Капитан бегал по кабинету с красными от водки или от подступивших к горлу слез и осознания торжественности момента глазами, когда дверь открылась, и вошел невысокий и еще не седой полковник. Это был начальник Особого отдела Седых. Он оперся протезом левой руки о стол и, указывая на дверь, сказал:
– Пошел вон.
И капитан ушел, засовывая на ходу в щегольскую кобуру свой так и не выстреливший ни разу ТТ…

. . . . . . .

Граждане! Воздушная тревога!
Жить осталось вам совсем не много!
Платья трусики берите и в убежище бегите –
смерти все равно не избежите, ха-ха!

– надрывался гармонист, и вторило ему несколько пьяных и бесшабашных голосов…
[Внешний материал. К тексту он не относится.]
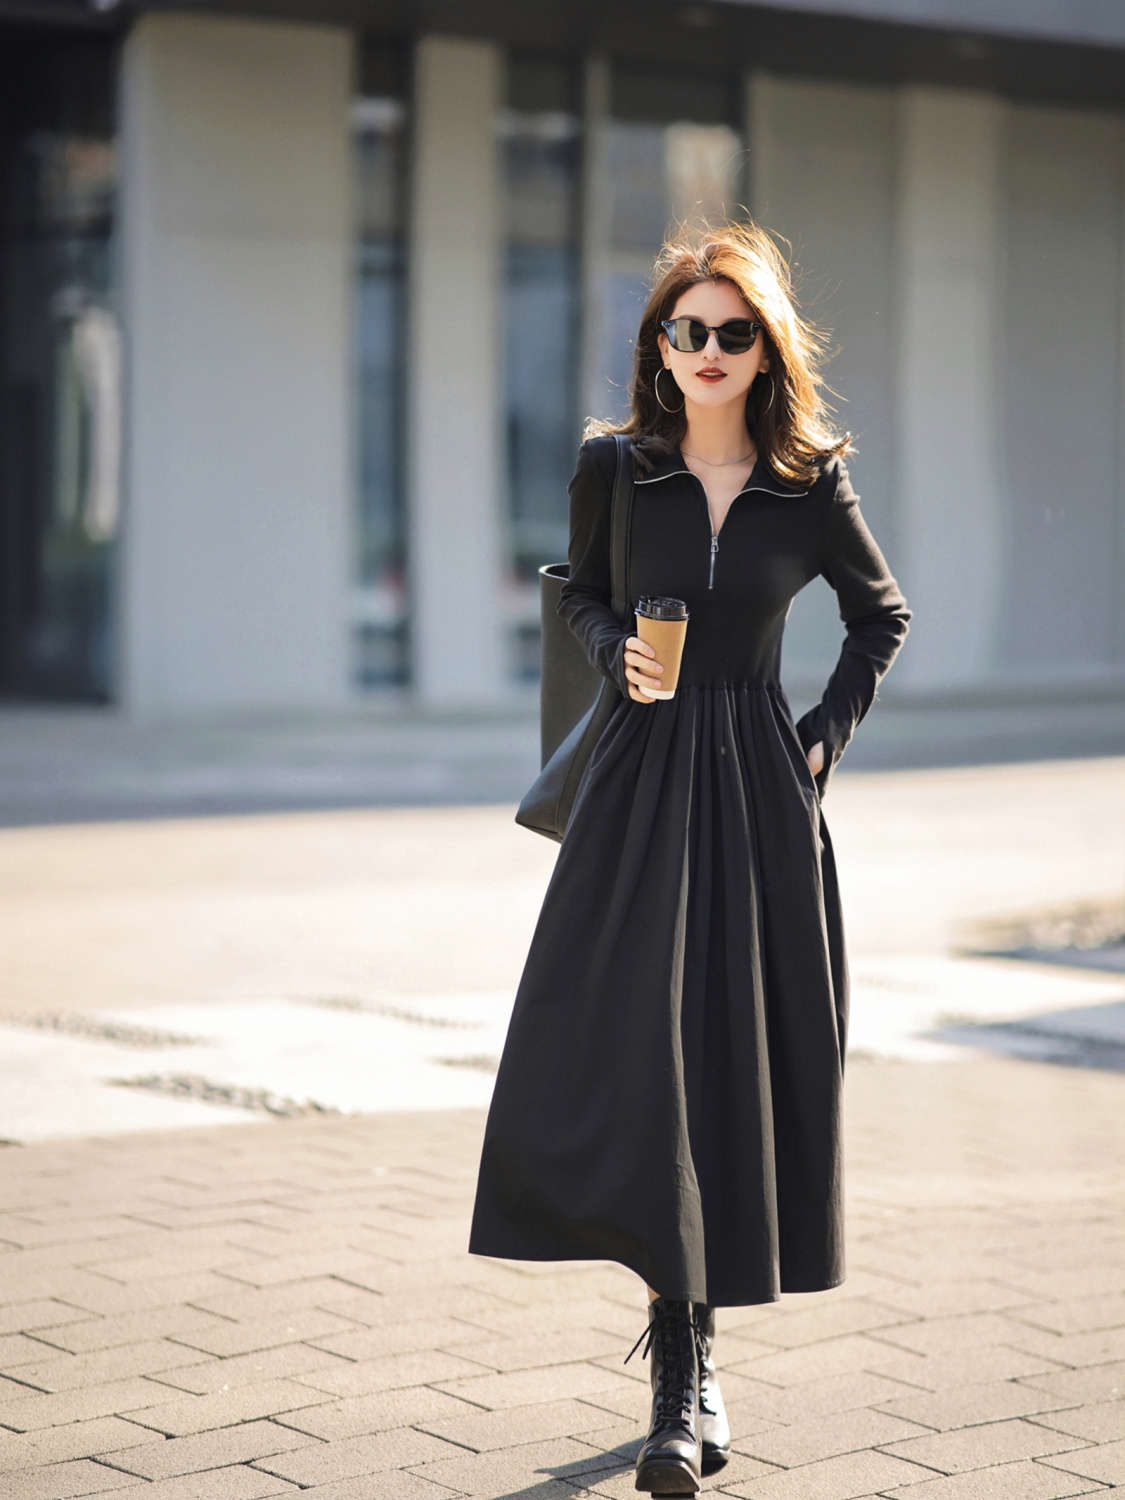 Xiaozi a bottle of magic water skirt black high-necked knitted dress spring waist bottoming skirt temperament long section looks thin

Война застала его в Киеве через неделю после путешествия из Владивостока в плацкартном вагоне,
который становится как бы еще одним твоим ломом, если ехать очень и очень долго. А поезд шел медленно до самой Москвы, то и дело, застревая на полустанках забитых эшелонами с военными.
Пришлось возвращаться обратно к матери во Владивосток – отец уже был в гимнастерке с петлицами и твердой портупеей, а на улицах строились отряды ополчения, и голосила шпана:

Жил-был на Подоле Гоп-со-Смыком,
славился своим нахальным криком…

В Киев он вернулся после его освобождения. Комната отца не пострадала от бомбежек, и даже этажерка с книгами стояла на прежнем месте у окна – видимо оккупантов не очень интересовали небогатые
квартиры.
Он стал ждать приезда отца, но продуктовых каточек ему не полагалось или просто про него забыли.
Тогда он пошел в ремесленное училище учиться на слесаря-механника, хотя и очень хотелось на фронт.
Но в военкомате ему посоветовали немного подрасти, никуда не торопиться и направили в ремеслуху, что напротив уютного городского сквера, где день и ночь горлопанила неведомо откуда и взявшаяся городская шпана, но уж явно, что не из-под Киева.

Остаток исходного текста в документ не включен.